The five columns are: Player Name, Player State, Total Points, Player Pre Rating, Average Opponent Pre Rating
I copied the text file to my Github repo and then pulled the text file from the repo to allow for recreation of the code. I squished the text file to remove any unnecessary spaces.
library(tidyverse)
## ── Attaching core tidyverse packages ──────────────────────── tidyverse 2.0.0 ──
## ✔ dplyr 1.1.4 ✔ readr 2.1.5
## ✔ forcats 1.0.0 ✔ stringr 1.5.1
## ✔ ggplot2 3.4.4 ✔ tibble 3.2.1
## ✔ lubridate 1.9.3 ✔ tidyr 1.3.1
## ✔ purrr 1.0.2
## ── Conflicts ────────────────────────────────────────── tidyverse_conflicts() ──
## ✖ dplyr::filter() masks stats::filter()
## ✖ dplyr::lag() masks stats::lag()
## ℹ Use the conflicted package (<http://conflicted.r-lib.org/>) to force all conflicts to become errors
library(readr)
fileURL <- 'https://raw.githubusercontent.com/stoybis/DATA607Repo/main/tournamentinfo.txt'
txtFileData <- read_lines(url(fileURL), skip = 3)

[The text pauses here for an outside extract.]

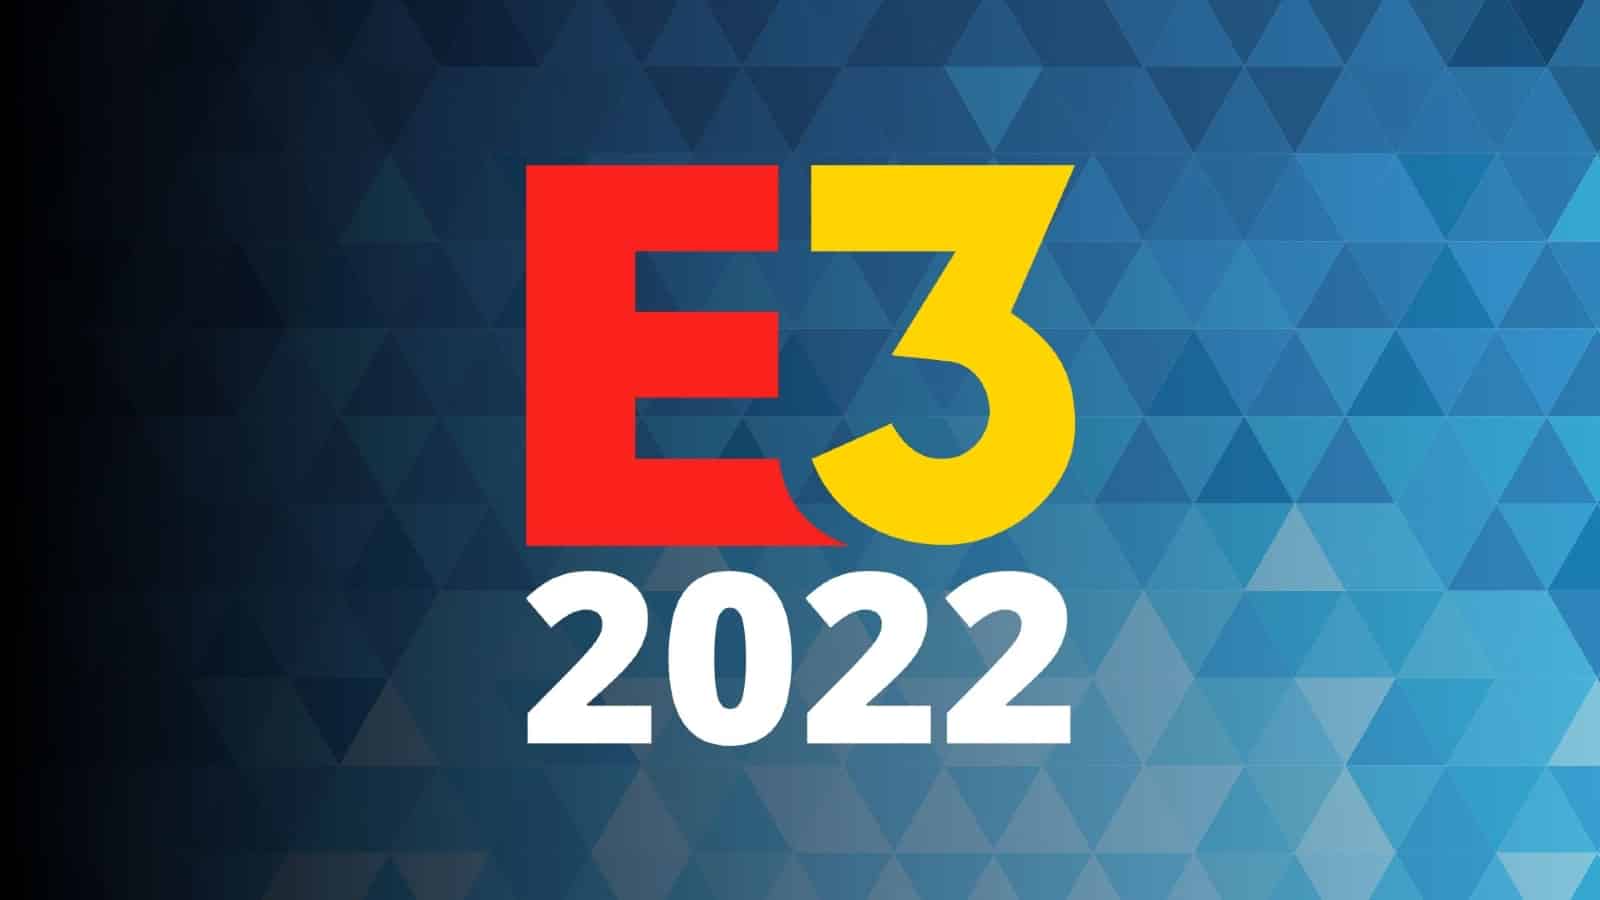 Targi E3 2022 zostały odwołane, zarówno fizycznie, jak i online na Xbox One

txtFileDataSquished <- str_squish(txtFileData)
remove(txtFileData) #drop the original text file since I'll be working with the squished file
head(txtFileDataSquished, n=10)
## [1] "-----------------------------------------------------------------------------------------"
## [2] "1 | GARY HUA |6.0 |W 39|W 21|W 18|W 14|W 7|D 12|D 4|"
## [3] "ON | 15445895 / R: 1794 ->1817 |N:2 |W |B |W |B |W |B |W |"
## [4] "-----------------------------------------------------------------------------------------"
## [5] "2 | DAKSHESH DARURI |6.0 |W 63|W 58|L 4|W 17|W 16|W 20|W 7|"
## [6] "MI | 14598900 / R: 1553 ->1663 |N:2 |B |W |B |W |B |W |B |"
## [7] "-----------------------------------------------------------------------------------------"
## [8] "3 | ADITYA BAJAJ |6.0 |L 8|W 61|W 25|W 21|W 11|W 13|W 12|"
## [9] "MI | 14959604 / R: 1384 ->1640 |N:2 |W |B |W |B |W |B |W |"
## [10] "-----------------------------------------------------------------------------------------"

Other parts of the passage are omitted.